Anhand der Lücken zwischen Molekülen und der Entfernungen, die ein einzelnes Molekül von einem Foto zum anderen zurücklegt, können die Forscher erkennen, ob sich die Partikel frei in der Zelle bewegen oder mit anderen Molekülen interagieren.

Was die DNA-Reparatur betrifft, zeigt dies an, wann die Enzyme ihre Reparaturarbeiten durchführen – wann sie mit der DNA interagieren – und wann sie „untätig“ sind, also frei in der Zelle diffundieren.

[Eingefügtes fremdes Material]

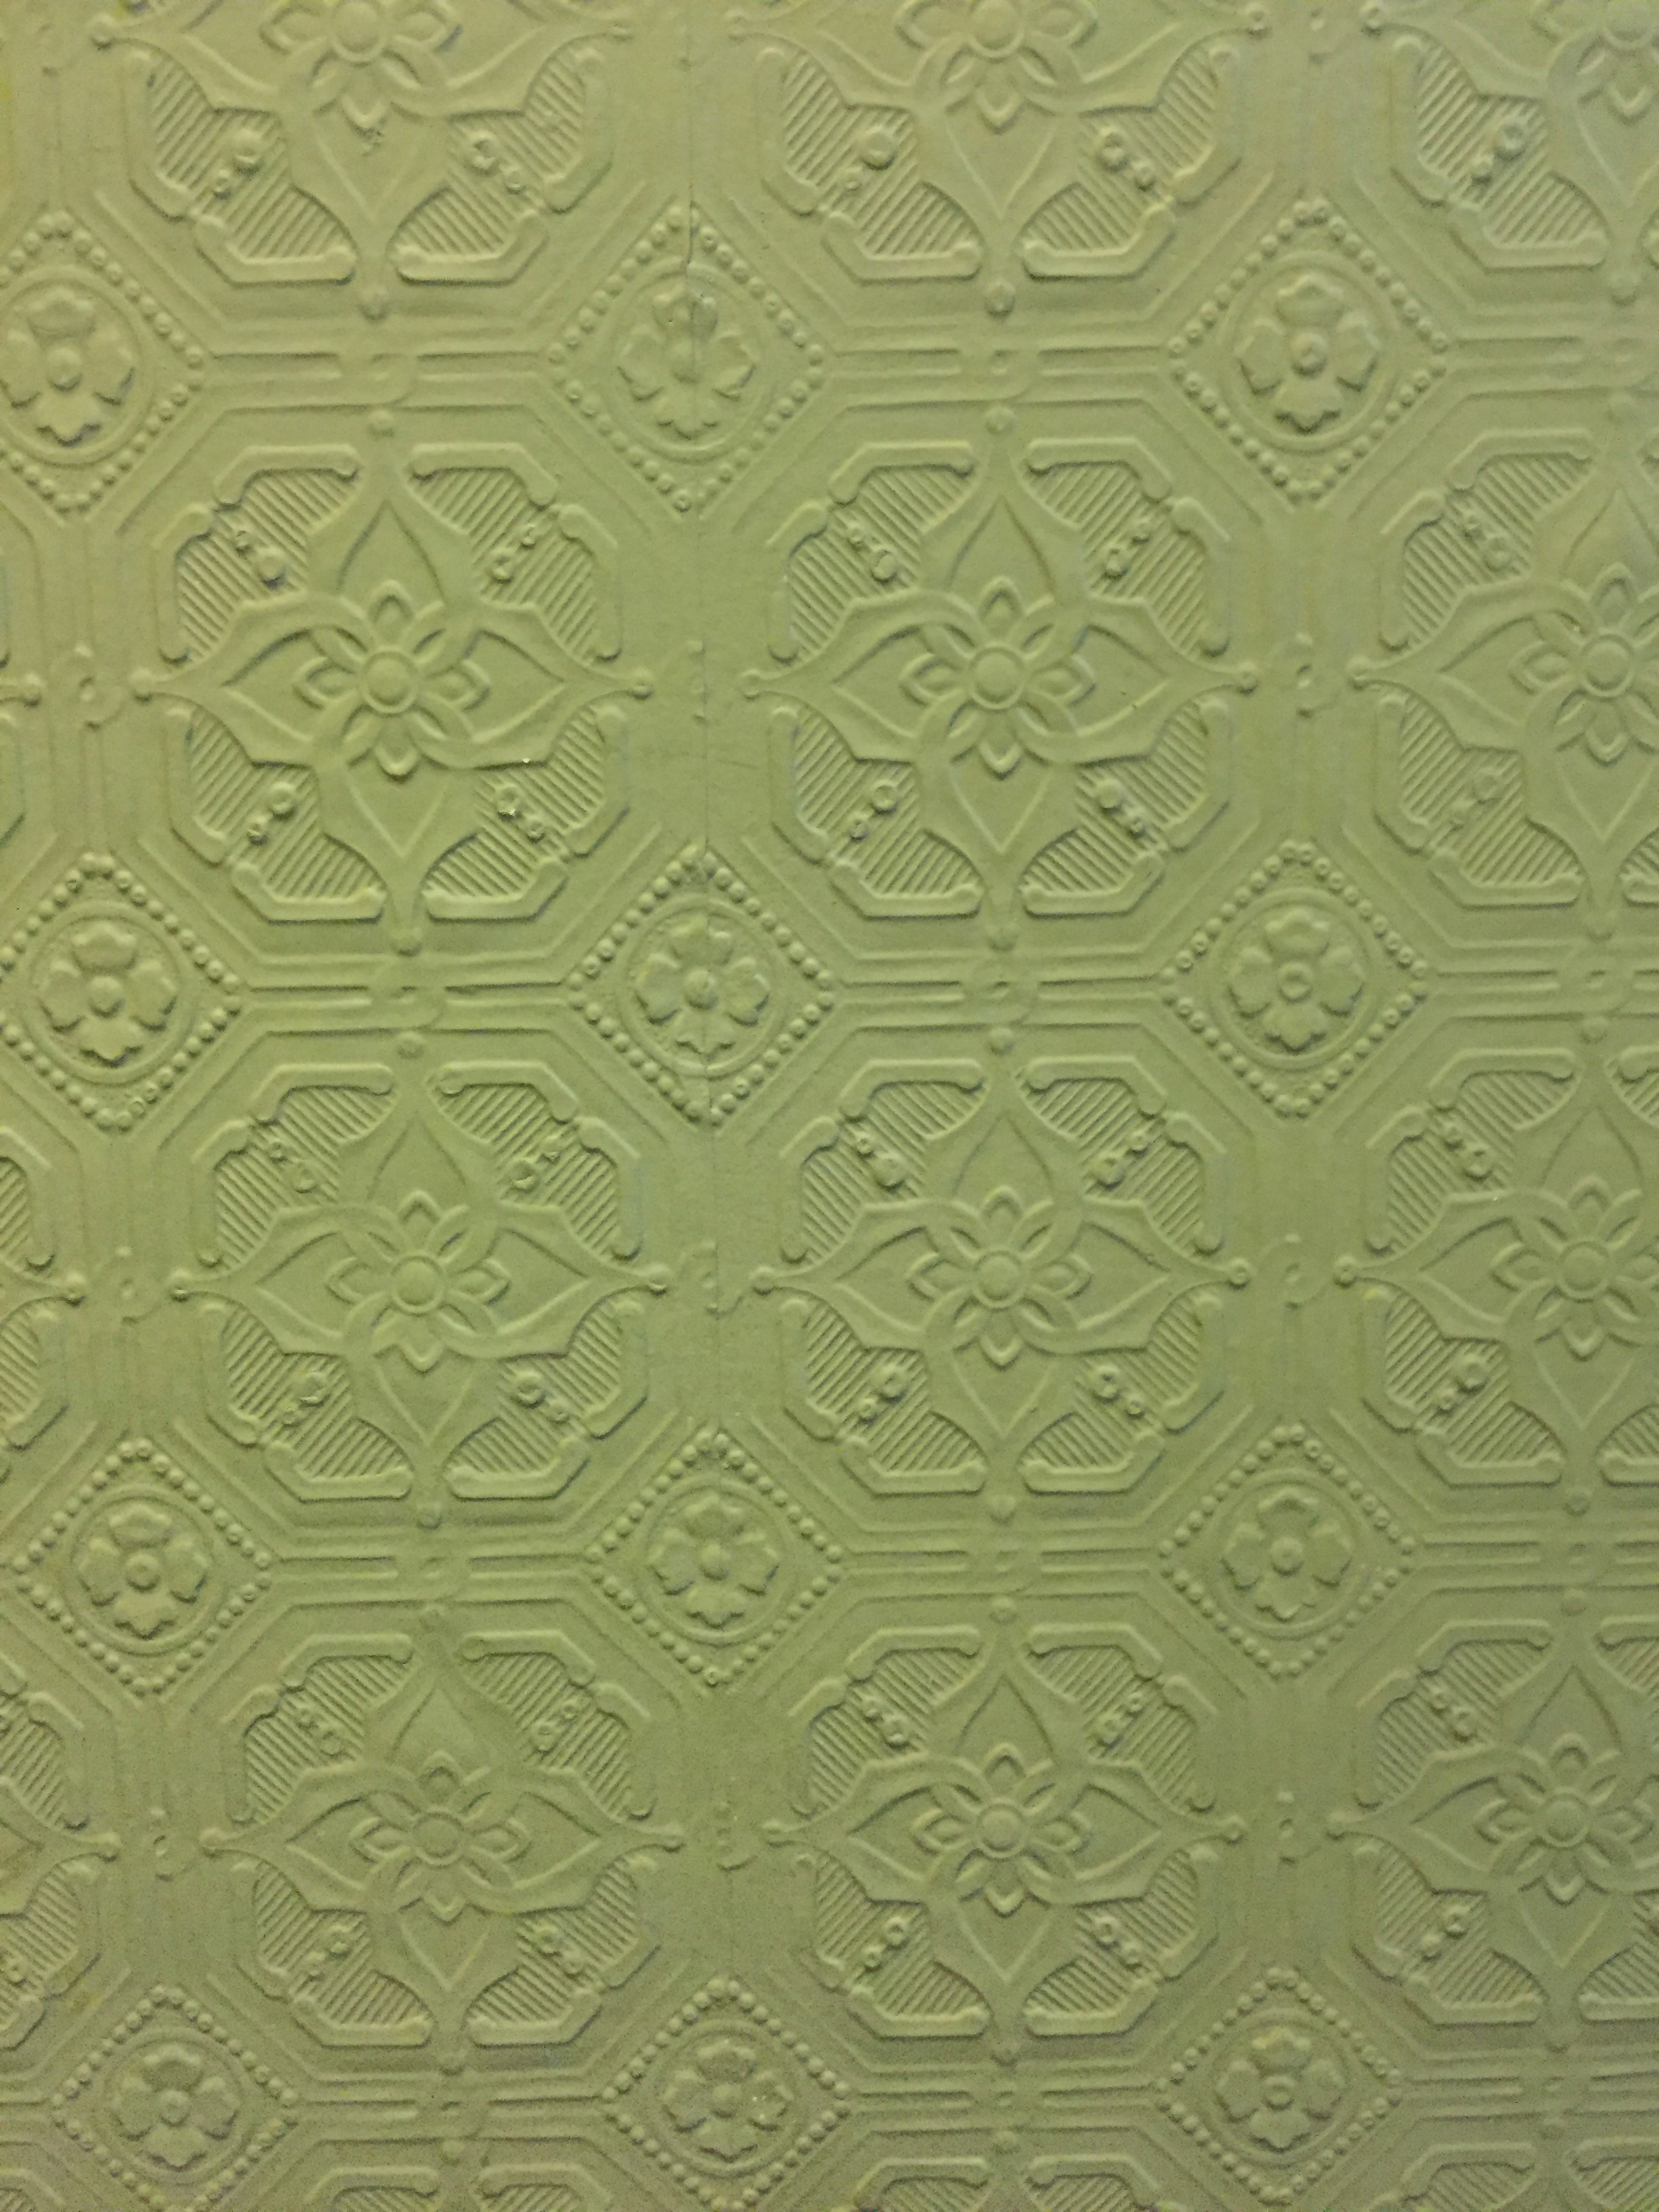 Green Wall Paper With Ornate Patterns Free Textures

Die Methode hat jedoch einen Nachteil. „Es ist schwierig, mehrere Moleküle gleichzeitig zu verfolgen“, erklärt Martens. „Wenn sich ihre Wege kreuzen oder sie zu nah beieinander sind, verschmelzen praktisch zwei Glühbirnen. Dann ist es unmöglich, ihre Bewegungen zu identifizieren.“

Bisher mussten Mikrobiologen daher Moleküle nacheinander in einem zeitaufwändigen Prozess untersuchen, der zu langwierig ist, um den DNA-reparierenden Molekülen „bei der Arbeit“ zuzusehen. Tatsächlich dauert die Verfolgung einzelner Partikel derzeit länger als der Reparaturprozess selbst.

Um das Problem zu lösen, hat Martens ein Stück geschaffen Software um den Hochdurchsatzprozess zu beschleunigen. TARDIS (kurz für „temporale Analyse relativer Distanzen“) führt mit zunehmender Zeitverzögerung eine Gesamtanalyse der Abstände zwischen Orten, also der Positionen des Moleküls in den einzelnen Fotos, durch. Die Arbeit wurde veröffentlicht in Naturmethoden.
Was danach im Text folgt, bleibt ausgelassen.